What did I say? “We attach meta data to the triples”? Well, to be exact we attach it to the graph which contains the triples. And since everything is triples (or quadruples since there is the named graph) the meta data is, too. And like every triple these also need to be put in a dedicated named graph – the meta data graph. Thus, each triple is contained in one graph and each graph has exactly one meta data graph.

So far so good. But what happens if we delete all triples in a graph? Well, the graph ceases to exist since graphs like resources in an RDF database do only exist due to the triples in which they occur.

And that is when it happens: dangling meta data graphs, i.e. meta data graphs that describe a graph which does no longer exist.

In theory Nepomuk could delete these automatically but I decided against that for performance reasons. It would have to check for dangling meta data graphs after each removal operation. So for now (until I come up with some database maintenance service) these graphs are just waste hanging around not bothering anyone (they are small).

In case you want to check how many of them you have in your database use the following command (see the Nepomuk Tips and Tricks for nepomukcmd):

nepomukcmd query 'select count(?mg) where { ?mg nrl:coreGraphMetadataFor ?g . OPTIONAL { graph ?g { ?s ?p ?o . } . } . FILTER(!BOUND(?s)) . }'

And to simply delete them use a bit of shell magic (the –foo is important since it removes any human-readability gimmicks from the otuput):

for a in `nepomukcmd --foo query 'select ?mg where { ?mg nrl:coreGraphMetadataFor ?g . OPTIONAL { graph ?g { ?s ?p ?o . } . } . FILTER(!BOUND(?s)) . }'`; do nepomukcmd rmgraph "$a"; done

Files on Removable Media – Step 1

So far Nepomuk only handled annotations for local files and did not care about mount points and the like. With KDE SC 4.4 that is about to change. (What I present here today is the first step in supporting removable media like USB keys or external hard drives. The next step will have to wait until 4.5.)

As always my blog will have two parts: the user visible one and the technical one which discusses implementation details.

Imagine you had a USB key with a file on it which you annotated, say with a rating of 6:

As long as the key is mounted searching for files with a rating of 6 will always return our image the way we know it:

But now we unmount the key. Thus, the file will not be accessible anymore. But the file still shows up in the search:

However, there is a slight change in the name: now it contains a hint to the USB key (this hint did not make it into 4.4). Opening the file still works since the key is automatically mounted.

But what happens if we remove the key completely and thus, auto-mounting is not an option anymore? Well, the search does still return the file but trying to open it gives us an error. Well, Gwenview does not handle KIO errors properly, thus we do not get an error message. But in theory we would get the message “Please insert the removable medium ‘1,9 GiB Removable Media’ to access this file.”. Just to show that I am not lying let me present the Okular error dialog (which could use some improvement, too):

Here you see the whole ugly Nepomuk query URL and all at the bottom the unformatted error message. Hopefully in KDE SC 4.5 we will have worked out these problems.

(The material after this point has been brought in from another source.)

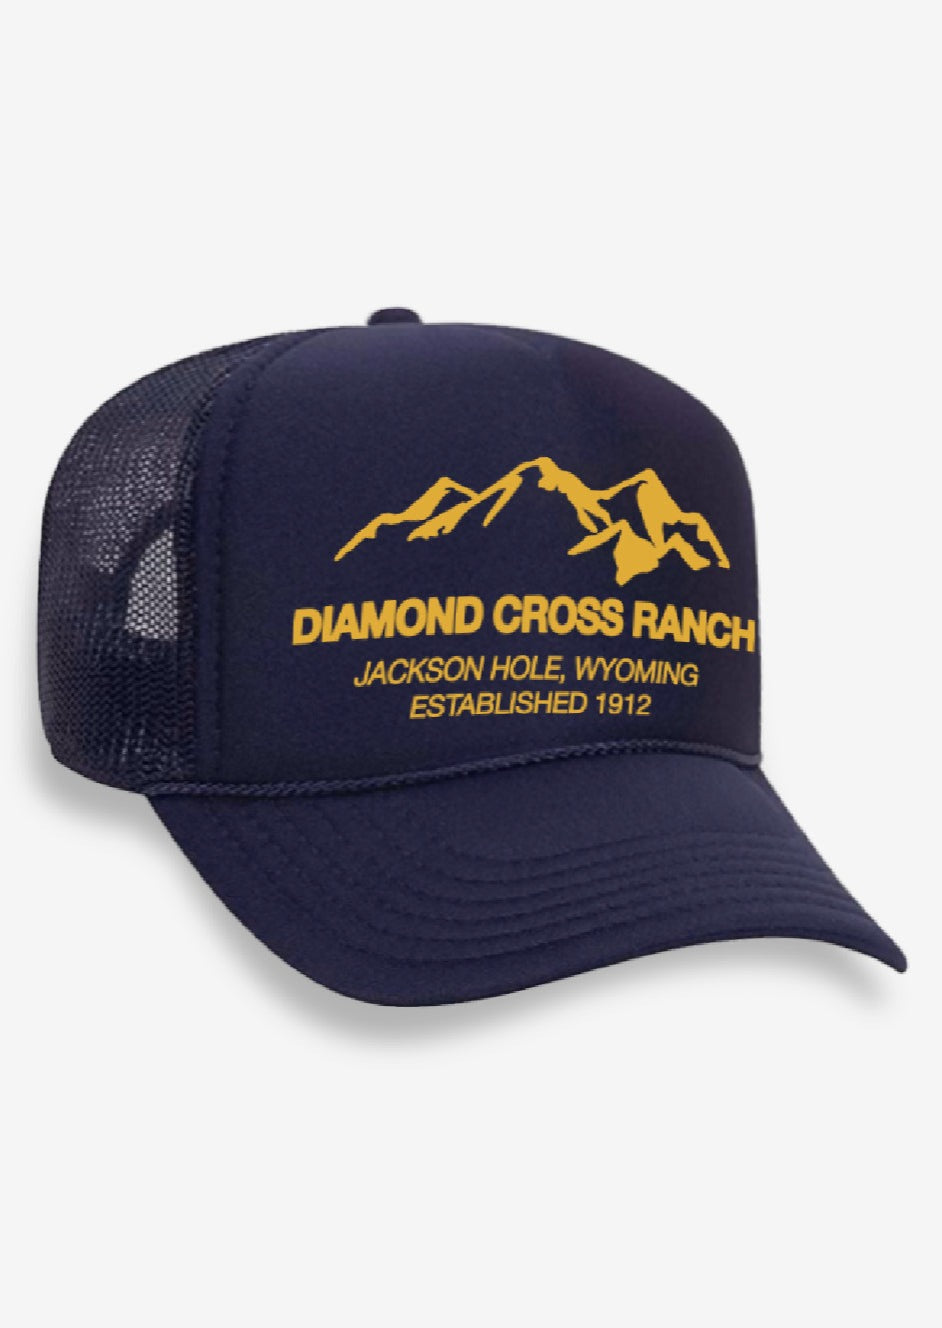 Diamond Cross Ranch Cowboy Yellowstone Wyoming Mountain Trucker Cap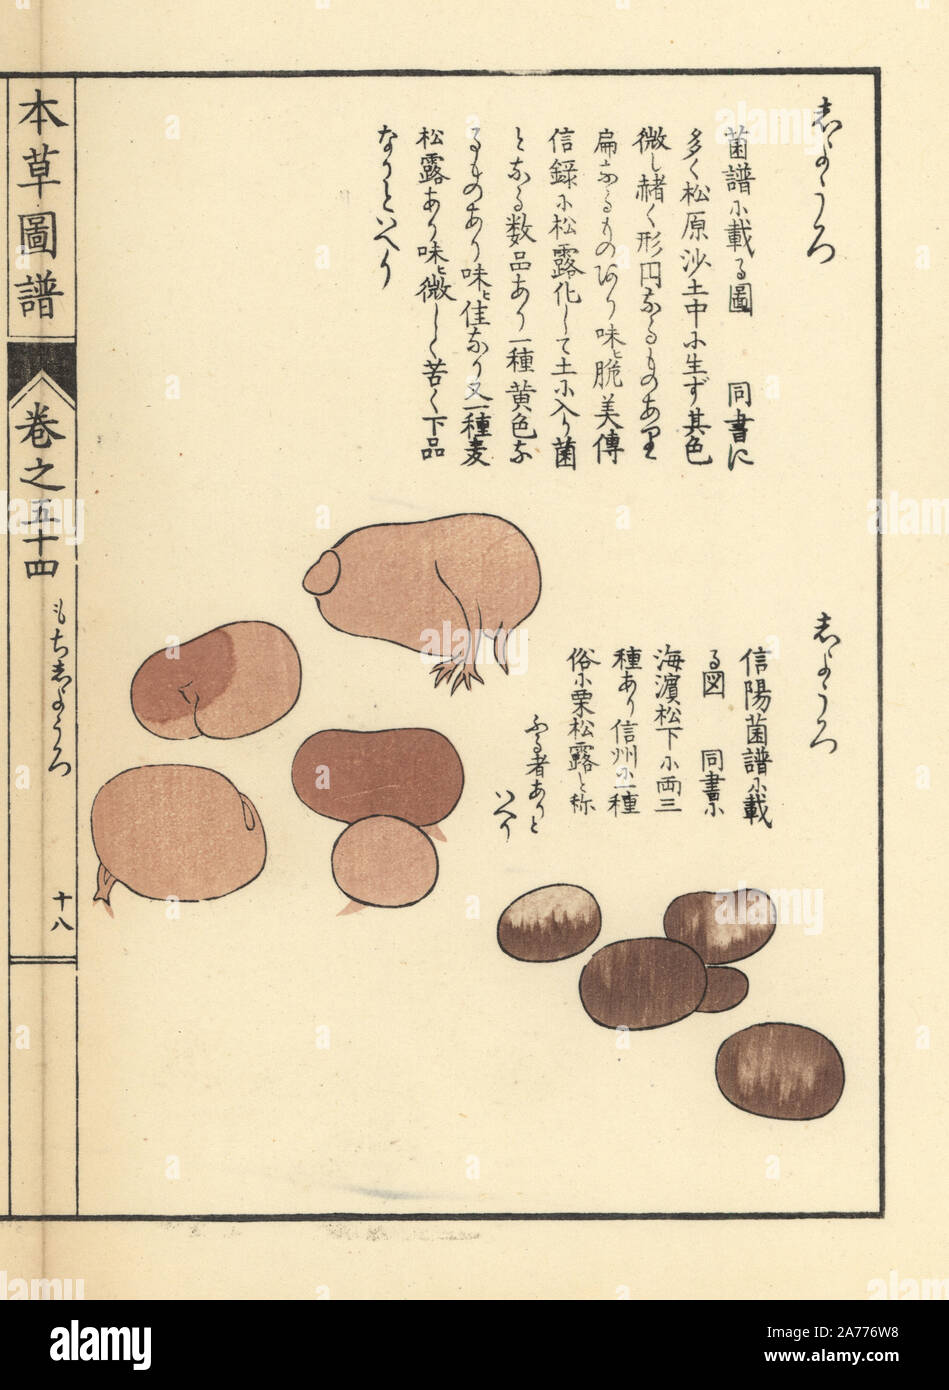 Shiyouro mushrooms, Rhizopogon rubescens. Handcoloured woodblock print from Iwasaki Kan'en's 'Honzo Zufu' (Illustrated Guide to Plants), Japan, 1916. Stock Photo

So if we would see this error message we would know where to find the file if we want to access it (well, giving proper names to USB keys would help, too).

This is already pretty nice. Step 2 will then be to export the annotations to the removable storage and sync them again as soon as the medium is mounted (remember how I blogged about my experiments with that already? Well, as you can see I did not get that finished, yet.)

The Technical Part

OK, now we know how it looks to the user (or how it should look). Let us have a look under the hood. Basically three players are involved in this process:

The removable storage service

The removable storage service (code in kdebase) uses the great power of Solid to act on newly inserted, mounted, and unmounted removable storage devices. The simple part is that it tells the Strigi service to index the files on the device on mount.

More interesting, however, is what happens on unmount. The service converts all absolute URLs of files on the unmounted device to relative ones. These relative URLs use the filex:/ scheme I made up and consist of two part: the UUID of the storage device and the relative path. In our example above the URL is filex://fc30-3da9/thepic.JPG. In addition a new nfo:Filesystem resource is created storing the description and the UUID of the unmounted device. The files are then related to this new nfo:Filesystem resource via nie:isPartOf.

libnepomuk

Nepomuk::Resource can now transparently handle relative filex:/ URLs. Thus, annotating the file in the example after remounting will store the annotations with the same resource although that uses a filex:/ URL.

The nepomuk:/ KIO slave

The nepomuk:/ KIO slave (code in kdebase) does the rest of the work. The nepomuksearch:/ KIO slave creates the virtual query folders but uses the nepomuk:/ KIO slave to stat all resources (at least the ones with a nepomuk:/ scheme URI).

So as soon as a relative filex:/ URL is encountered it is converted to a local URL if possible:

Solid::StorageAccess* storageFromUUID( const QString& uuid ) {
    QString solidQuery = QString::fromLatin1( "[ StorageVolume.usage=='FileSystem' AND StorageVolume.uuid=='%1' ]" ).arg( uuid.toLower() );
    QList<Solid::Device> devices = Solid::Device::listFromQuery( solidQuery );
    if ( !devices.isEmpty() )
        return devices.first().as<Solid::StorageAccess>();
    else
        return 0;
}

KUrl convertRemovableMediaFileUrl( const KUrl& url, bool evenMountIfNecessary = false ) {
    Solid::StorageAccess* storage = storageFromUUID( url.host() );
    if ( storage &&
         ( storage->isAccessible() ||
           ( evenMountIfNecessary && mountAndWait( storage ) ) ) ) {
        return storage->filePath() + QLatin1String( "/" ) + url.path();
    }
    else {
        return KUrl();
    }
}

And here you can already see the auto-mounting code being called. (I do not show it here since this is enough to read already. If you are interested have a look at the full source code.) The converted URL is then simply passed to KIO::ForwardingSlaveBase which handles the rest. In case the URL cannot be converted (the medium is not mounted and auto-mounting is not used) all information is read from the Nepomuk database to create a proper KIO::UDSEntry.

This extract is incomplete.